Dataset items
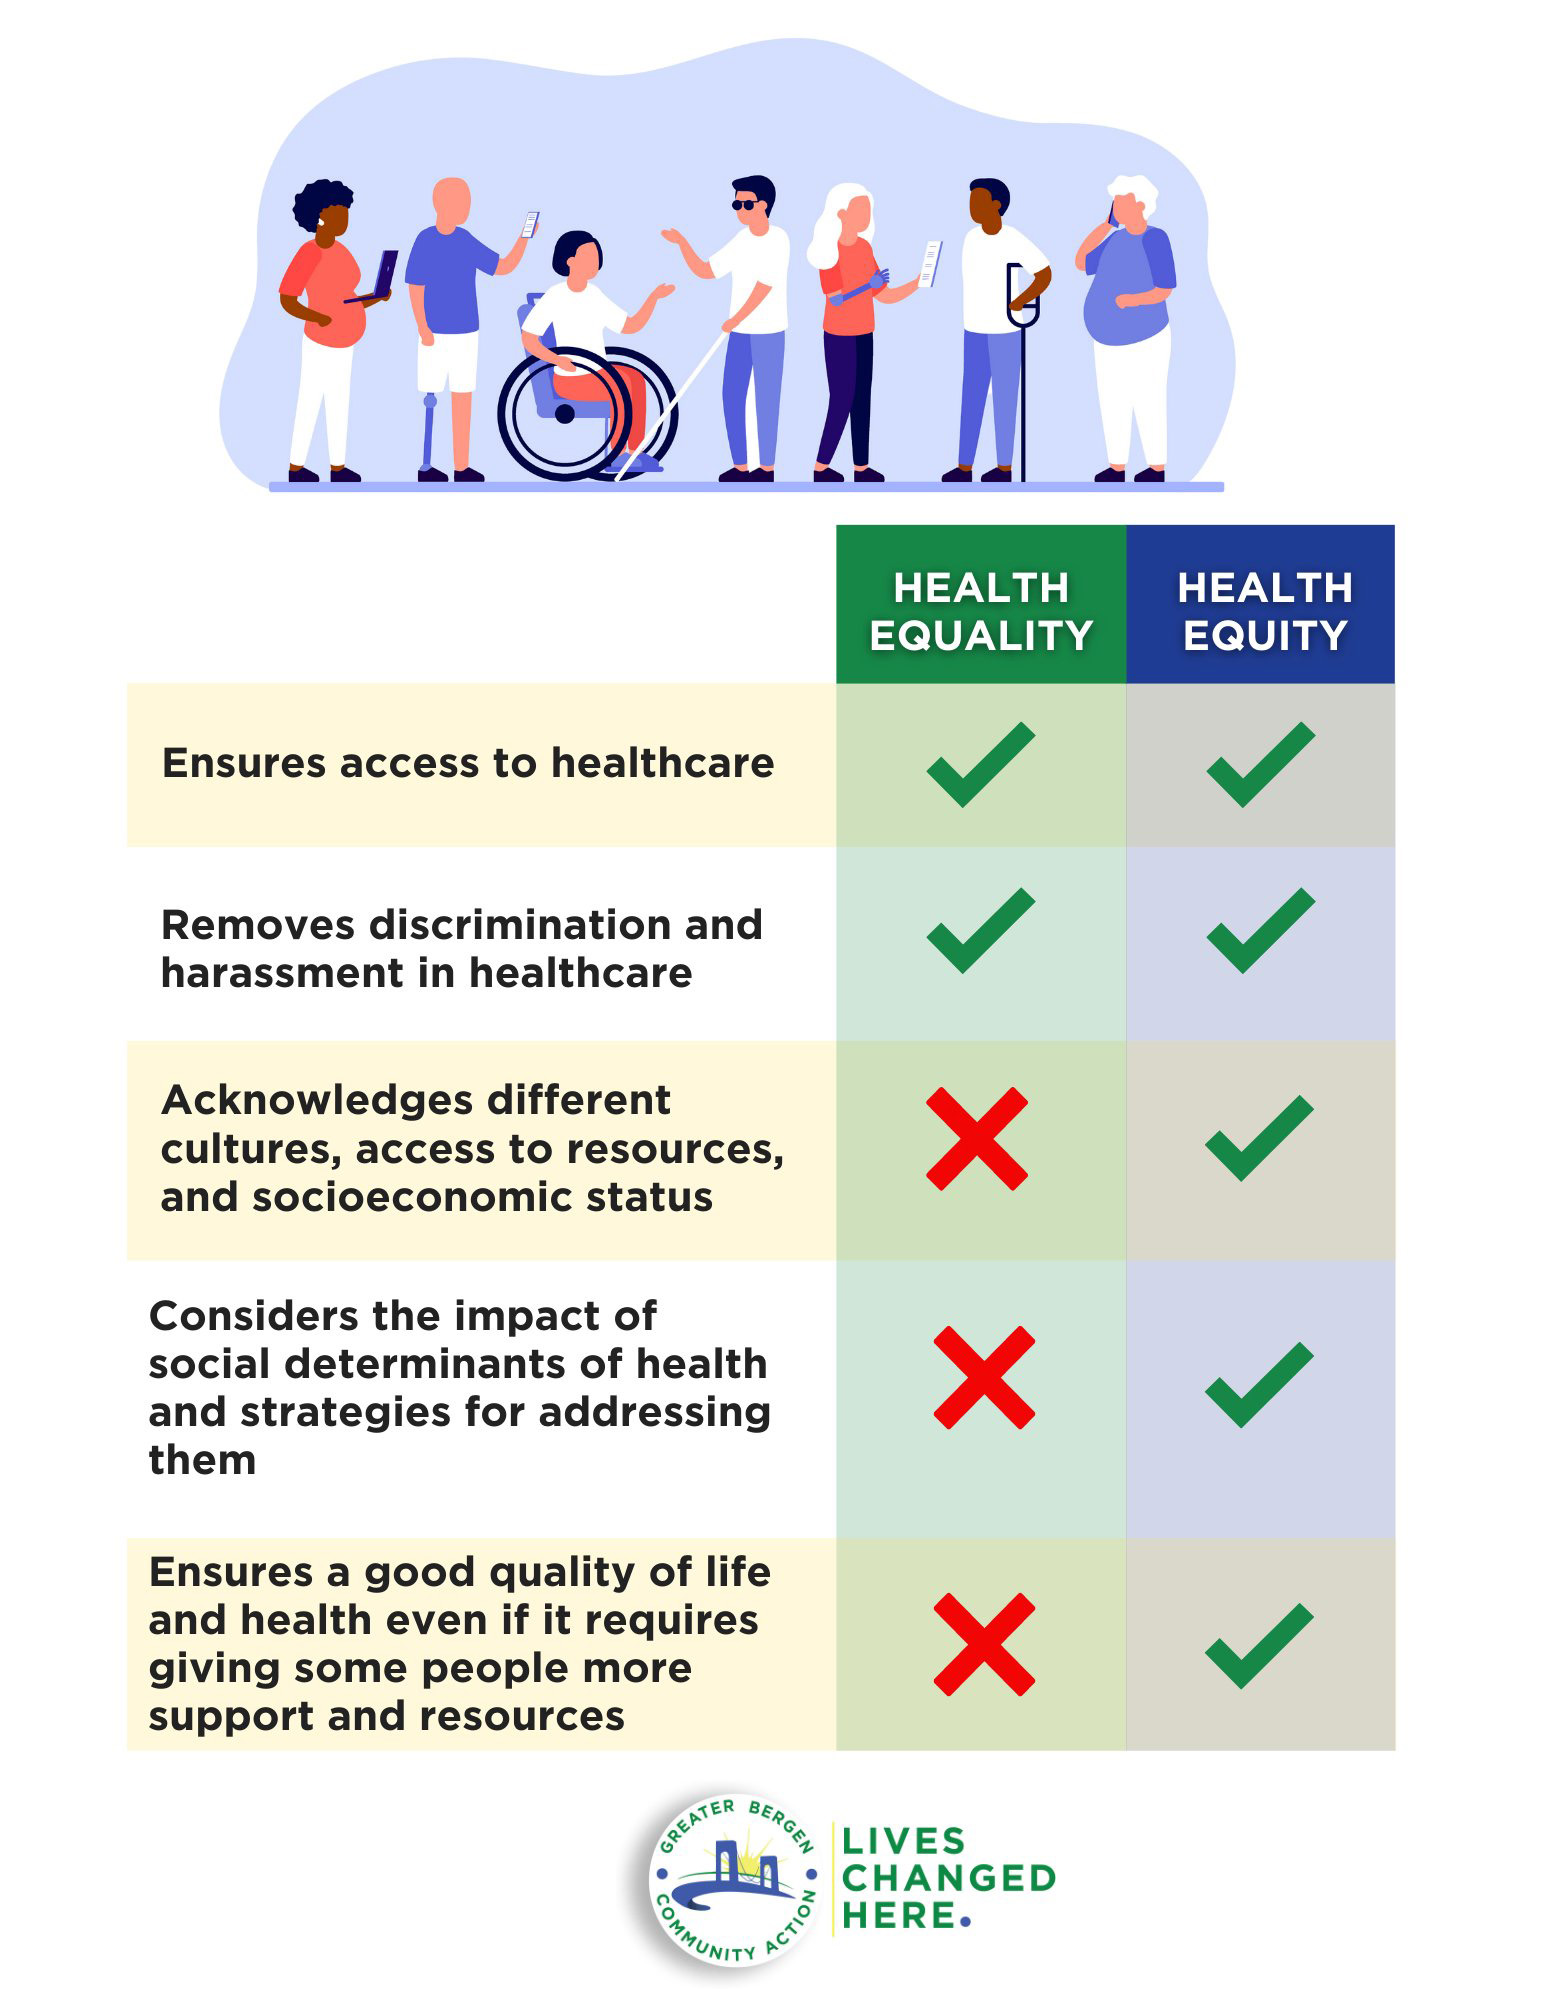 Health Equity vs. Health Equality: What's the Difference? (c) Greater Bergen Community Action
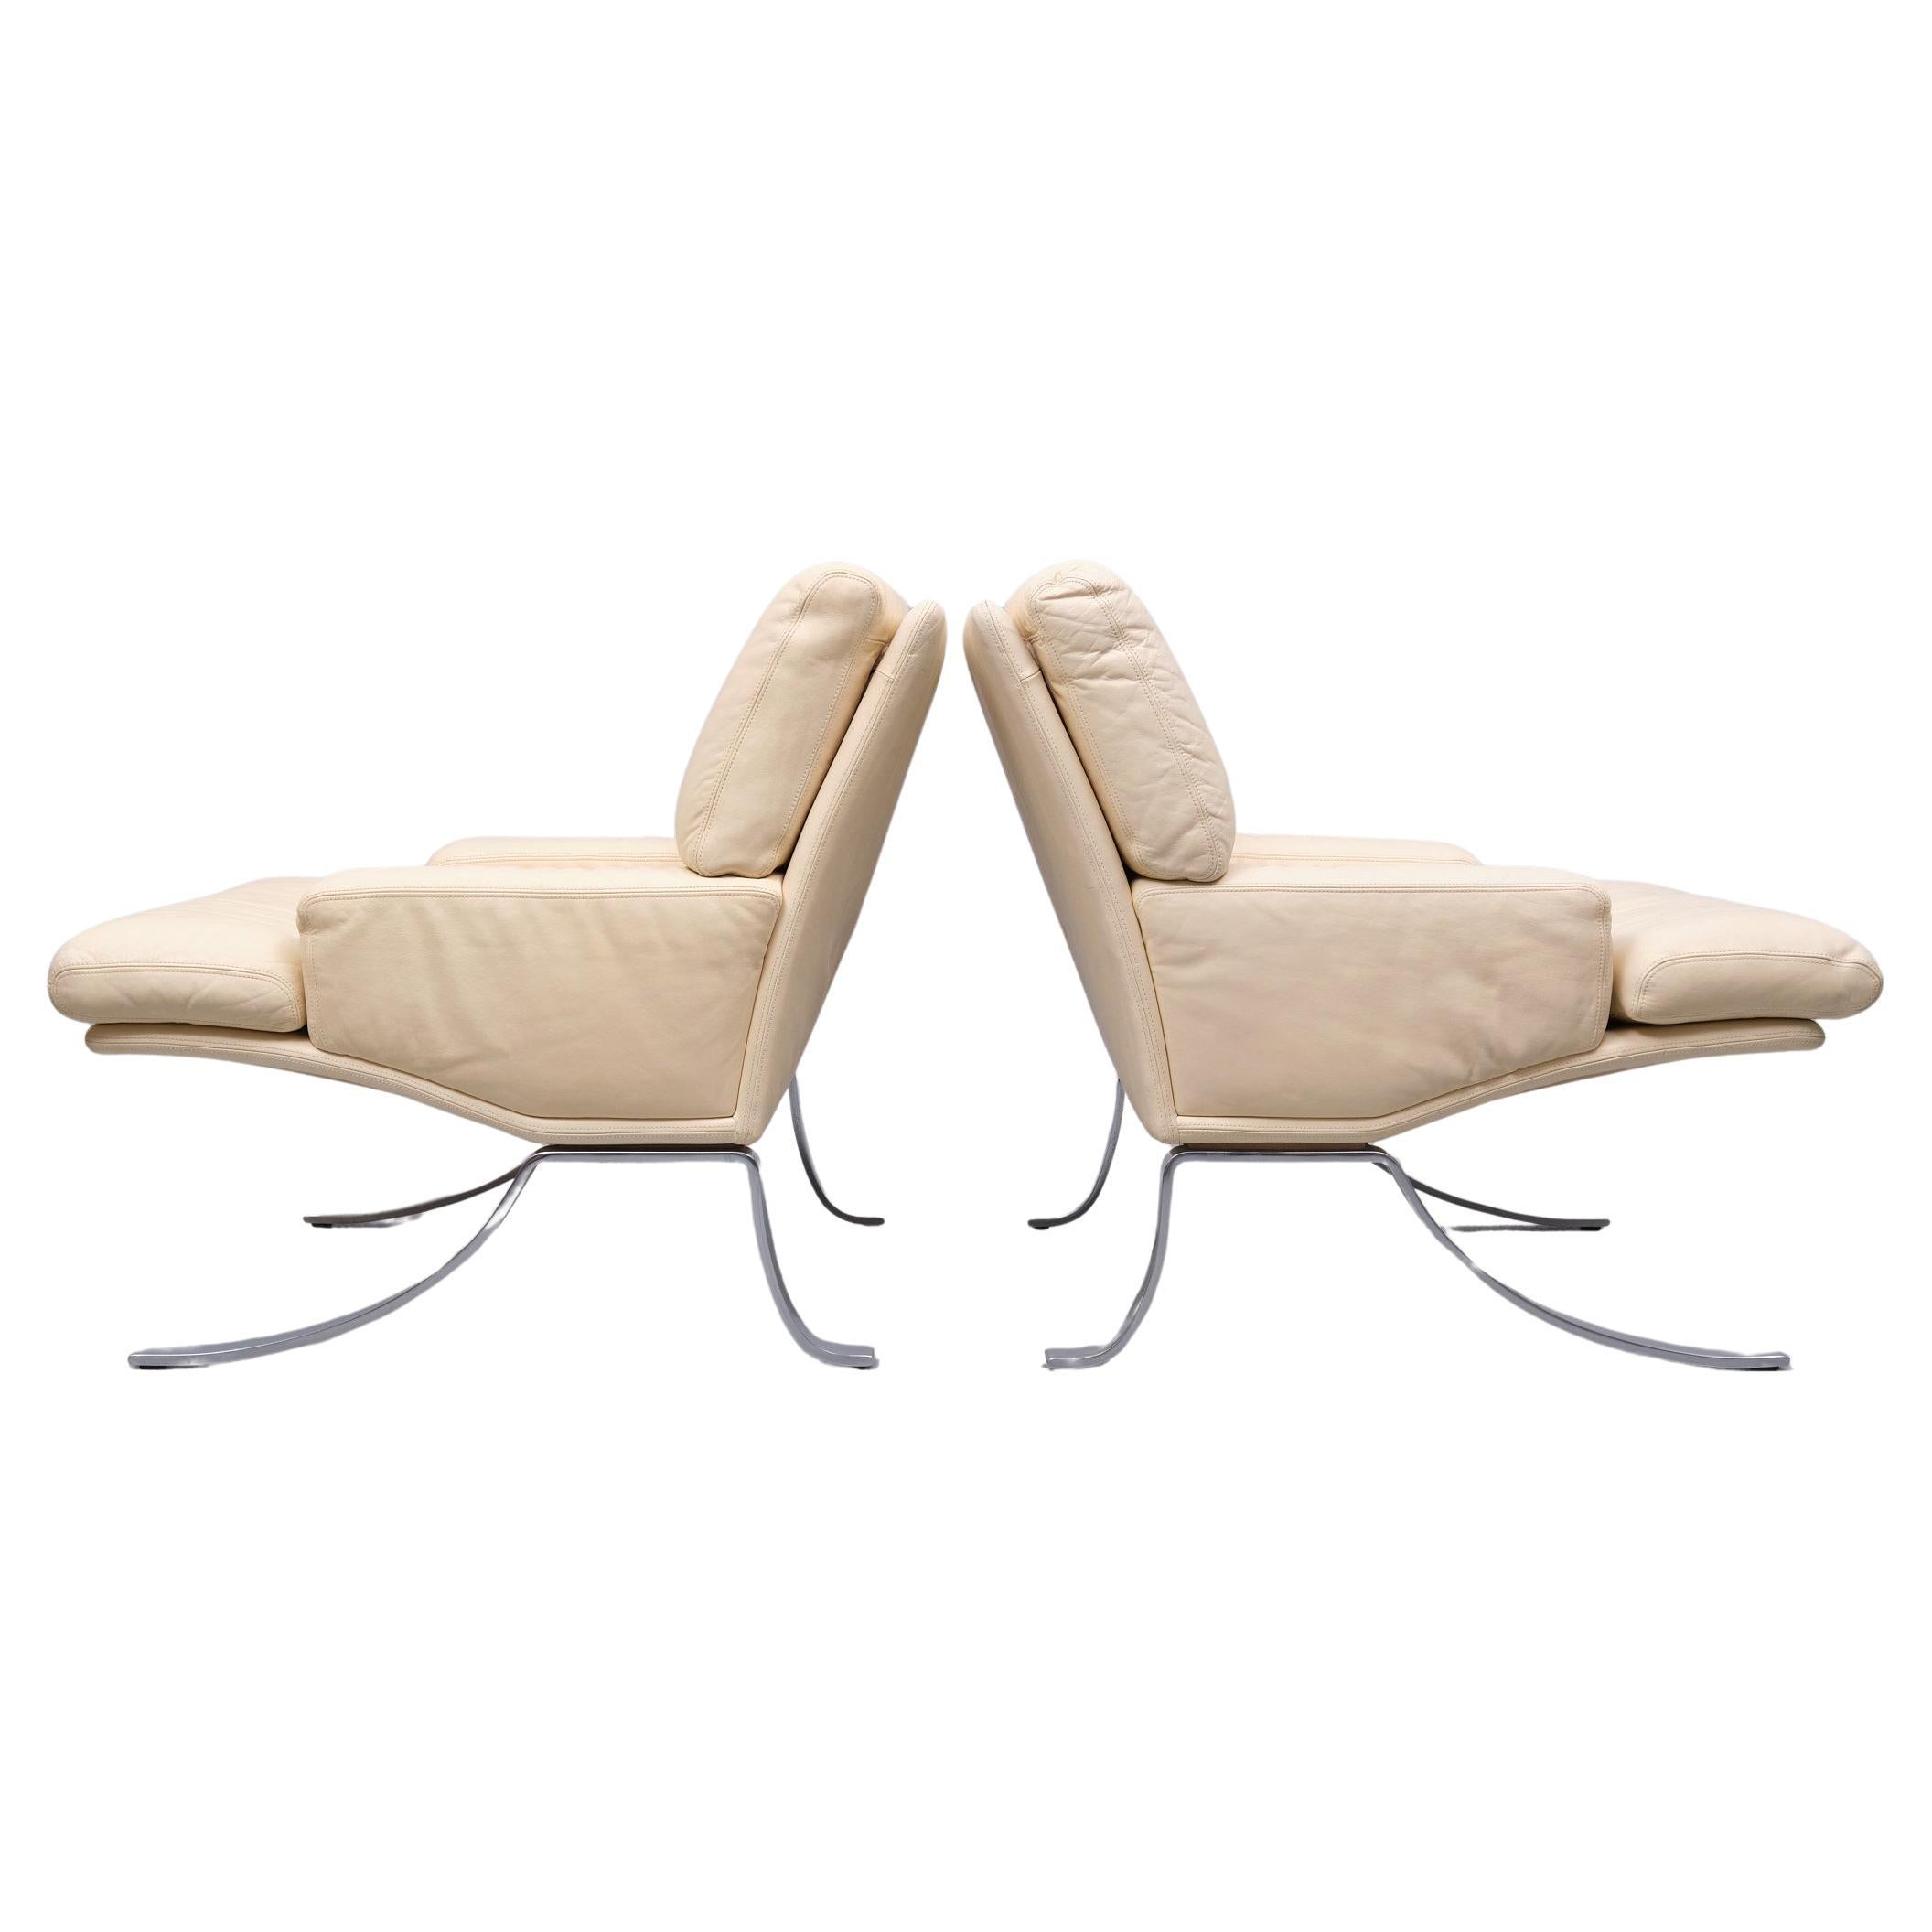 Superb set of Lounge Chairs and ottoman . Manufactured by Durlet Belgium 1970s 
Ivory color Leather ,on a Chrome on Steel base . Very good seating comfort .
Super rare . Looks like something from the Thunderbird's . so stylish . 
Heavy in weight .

- _Problem_: In the records above, locate the line with "Superb set of"; output it and each line after it through the last one, exactly, omitting pictures.

- _Exercise response_:
 Superb set of Lounge Chairs and ottoman . Manufactured by Durlet Belgium 1970s 
Ivory color Leather ,on a Chrome on Steel base . Very good seating comfort .
Super rare . Looks like something from the Thunderbird's . so stylish . 
Heavy in weight .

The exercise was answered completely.